Communiquer
avec les médias

Pascal Le Guern, co-auteur de « Savoir communiquer avec la presse », aux éditions Maxima, est conférencier et journaliste. Il a notamment travaillé pour Europe 1, France Inter, RFI et France Info, où il a tenu des rubriques quotidiennes sur le monde de l’entreprise et la consommation. Dans cet article, il nous livre ses conseils pour bien communiquer avec les médias.

Communication avec les médias

Agent Majeur : Vous avez longtemps suivi l’actualité des entreprises innovantes. Dans ce cadre, quel était le profil des personnes que vous étiez amené à interviewer ?

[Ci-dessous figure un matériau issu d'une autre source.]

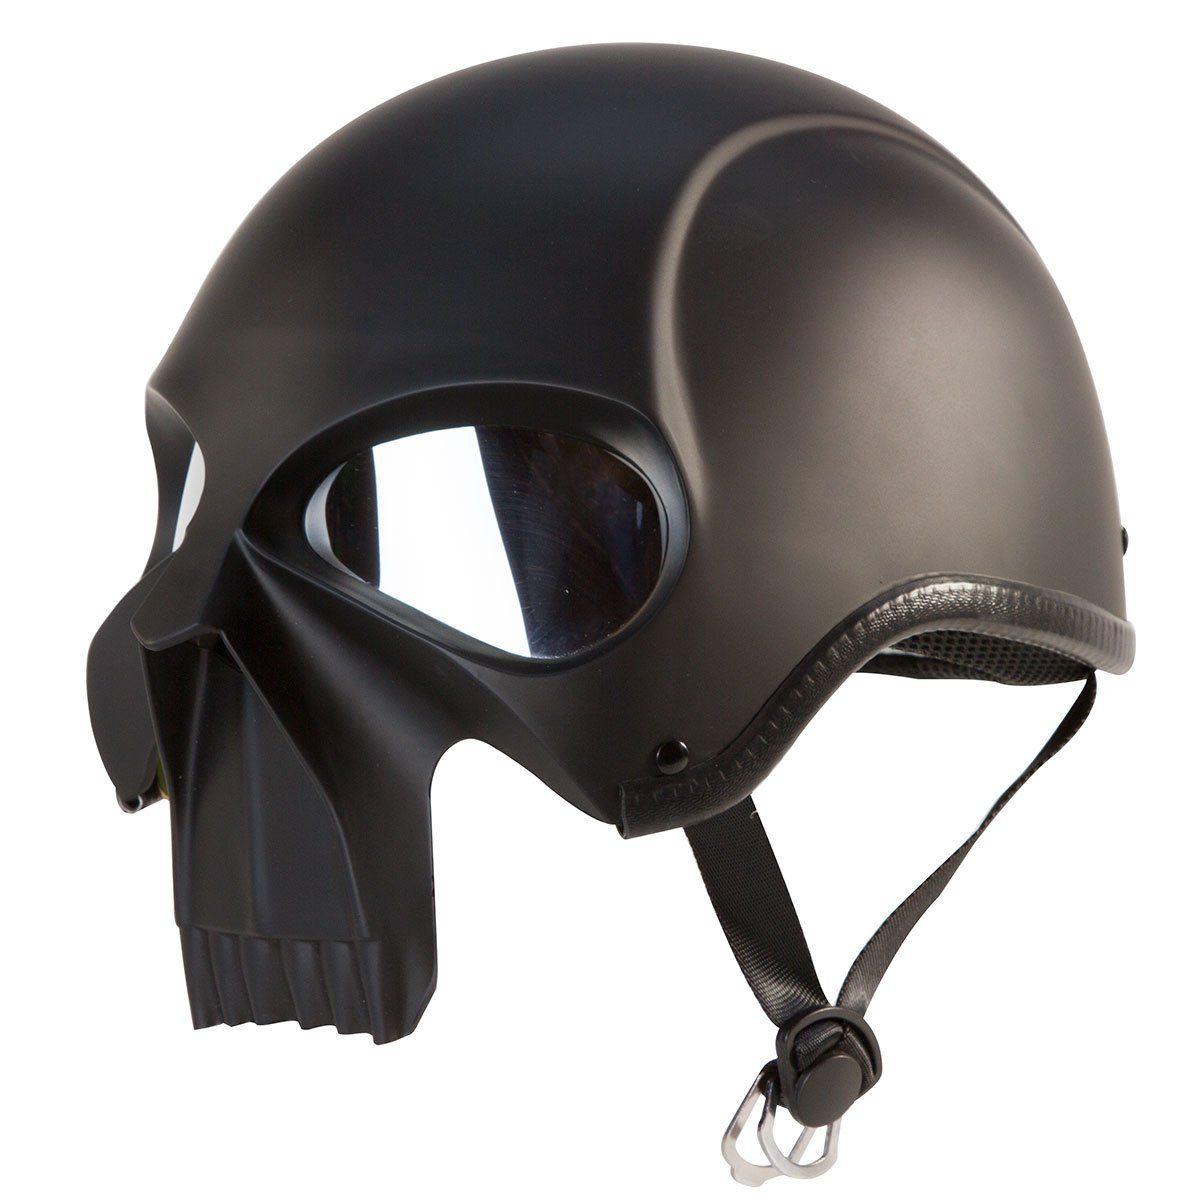 Stryker Darth Knight Motorcycle Helmet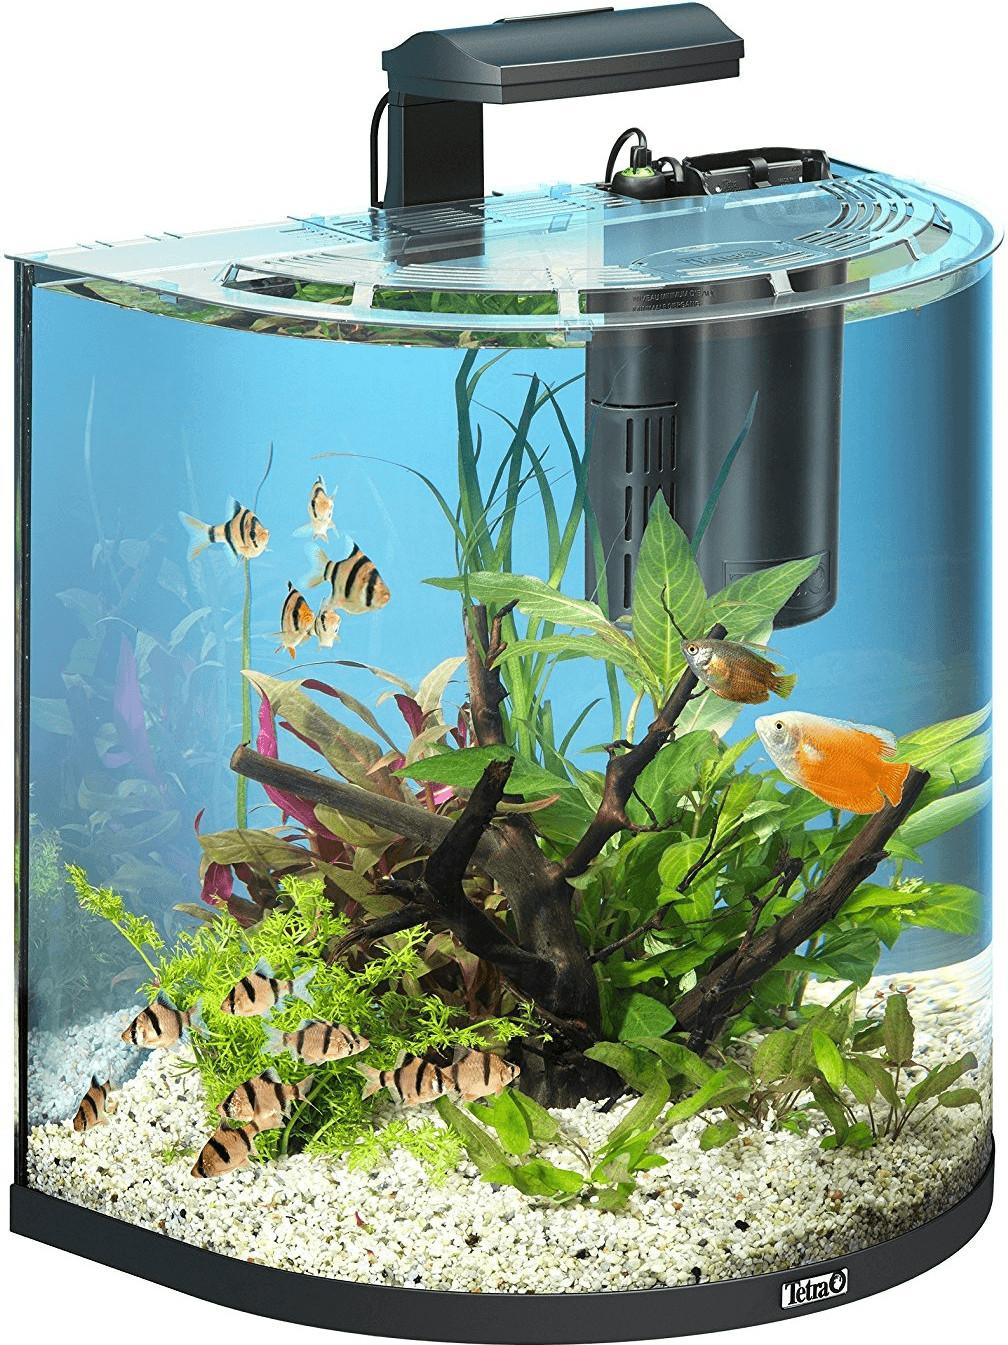 rabatt tetra aquaart explorer line aquarium set 60l anthrazit. Black Bedroom Furniture Sets. Home Design Ideas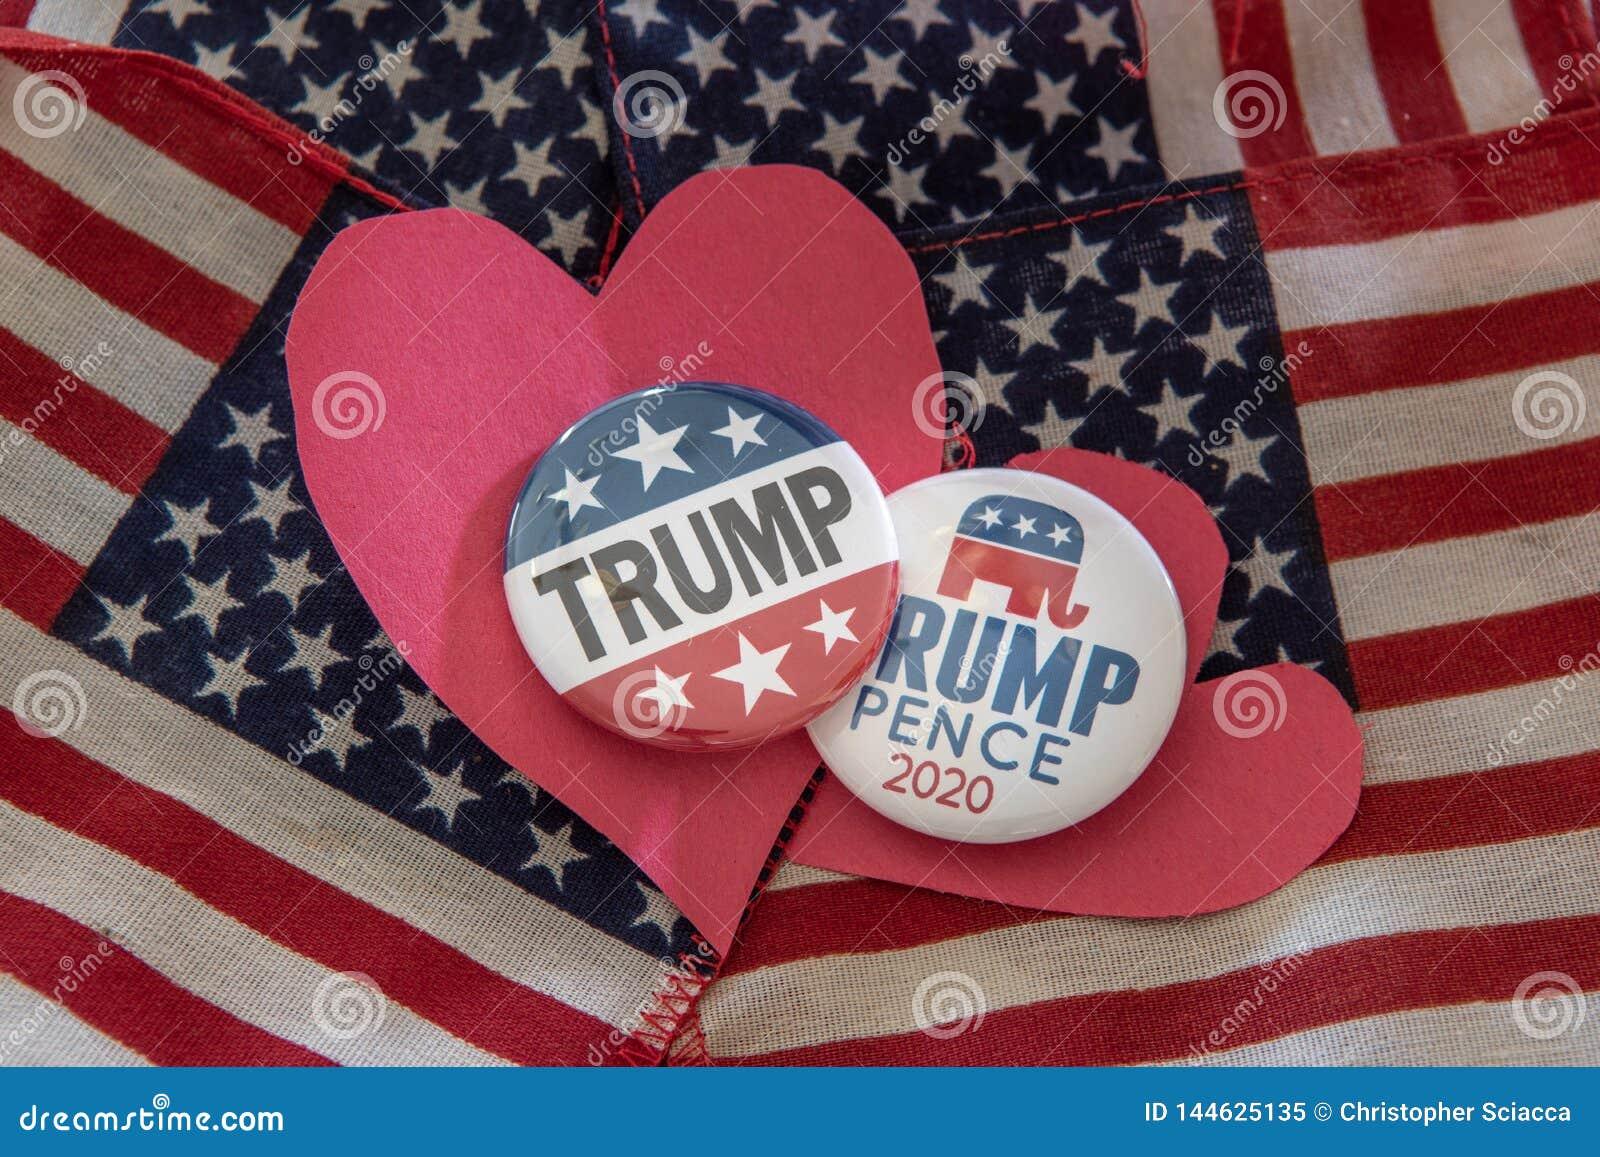 Insignias de campaña presidencial del triunfo 2020 contra bandera indicada unida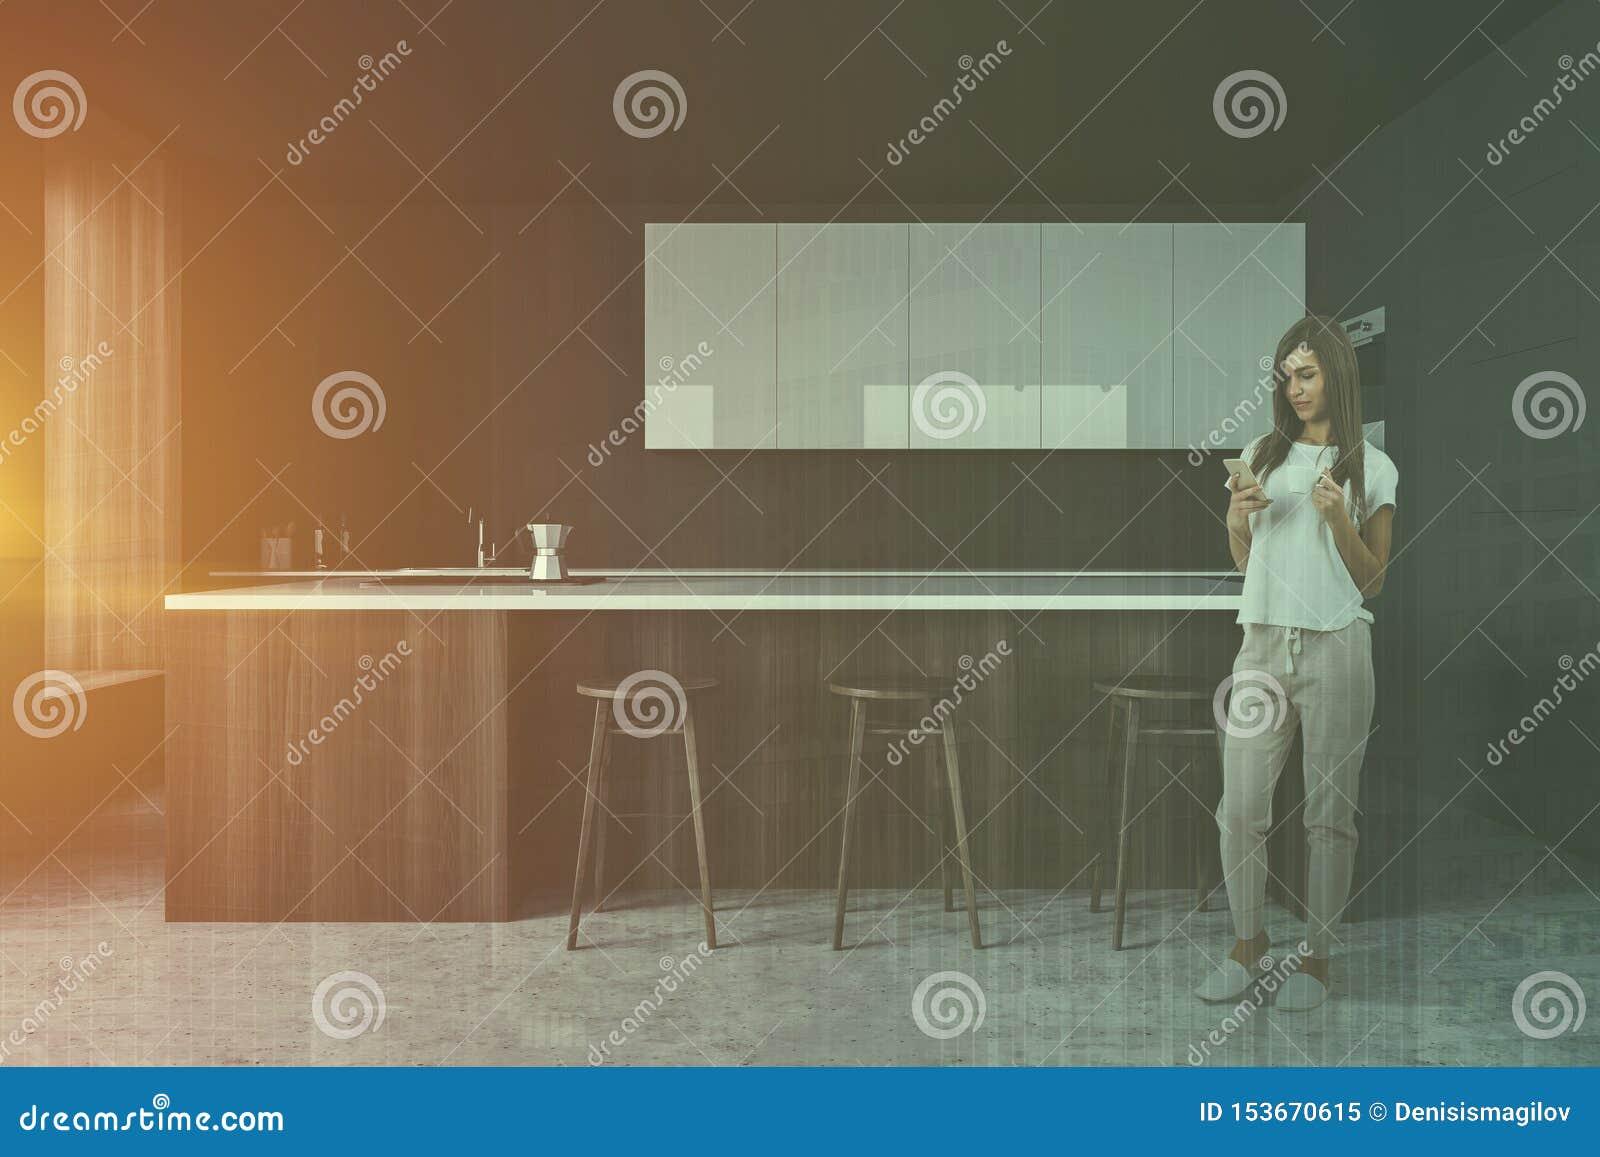 Kobieta w szarej kuchni z barem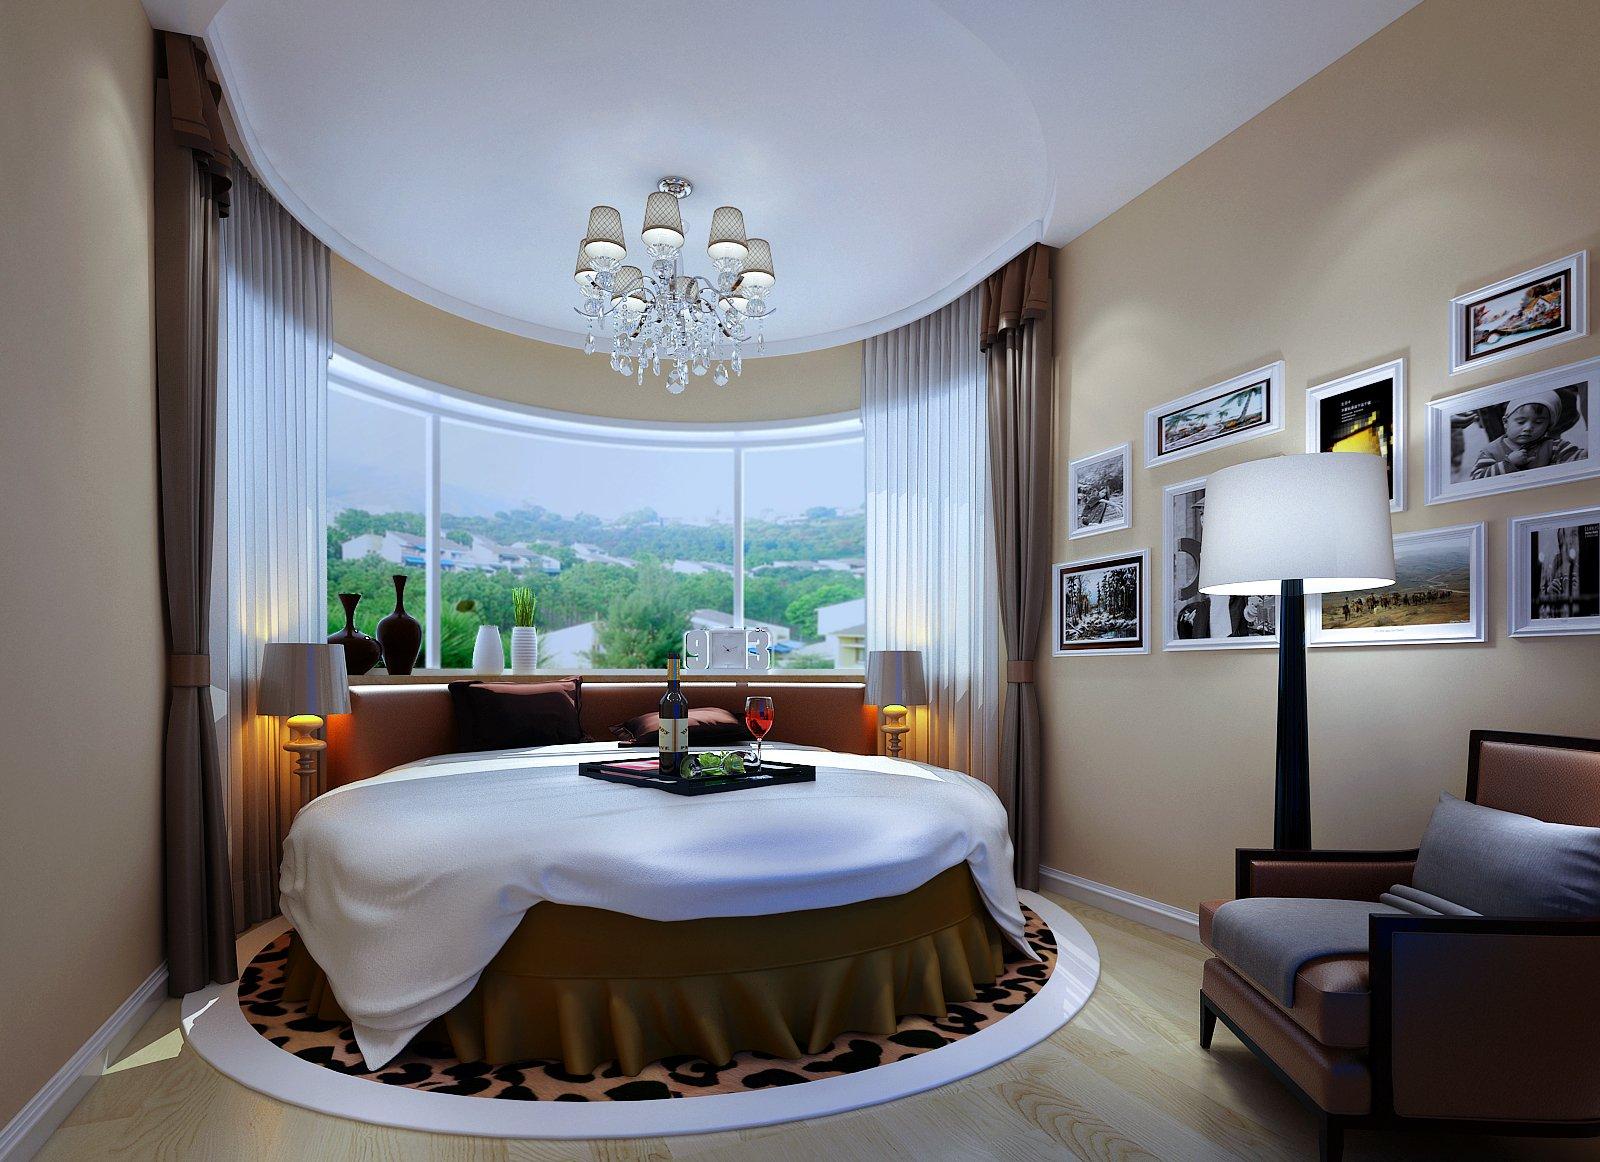 家装简约时尚现代风格卧室圆床

Pascal Le Guern : C’étaient des chefs d’entreprise, plutôt des TPE, PME avec des produits ou parfois des services innovants, dans des secteurs d’activité très divers : beaucoup de nouvelles technologies, mais aussi l’agro-alimentaire, le textile…

Quelles difficultés rencontriez-vous en interview avec ces dirigeants d’entreprises innovantes ?

Souvent, évidemment, comme il s’agissait de petites structures, il n’y avait pas de service communication. Le patron endossait le rôle de directeur de la communication. En interview, ces dirigeants avaient le nez dans le guidon. Ils avaient du mal à prendre du recul par rapport à leur activité. Du coup, ils avaient tendance à être dans les sigles, dans le jargon. Combien de fois je me suis battu sur les mots. « Process » par exemple : ça ne veut rien dire.

En tant que journaliste, quels conseils leur donneriez-vous ?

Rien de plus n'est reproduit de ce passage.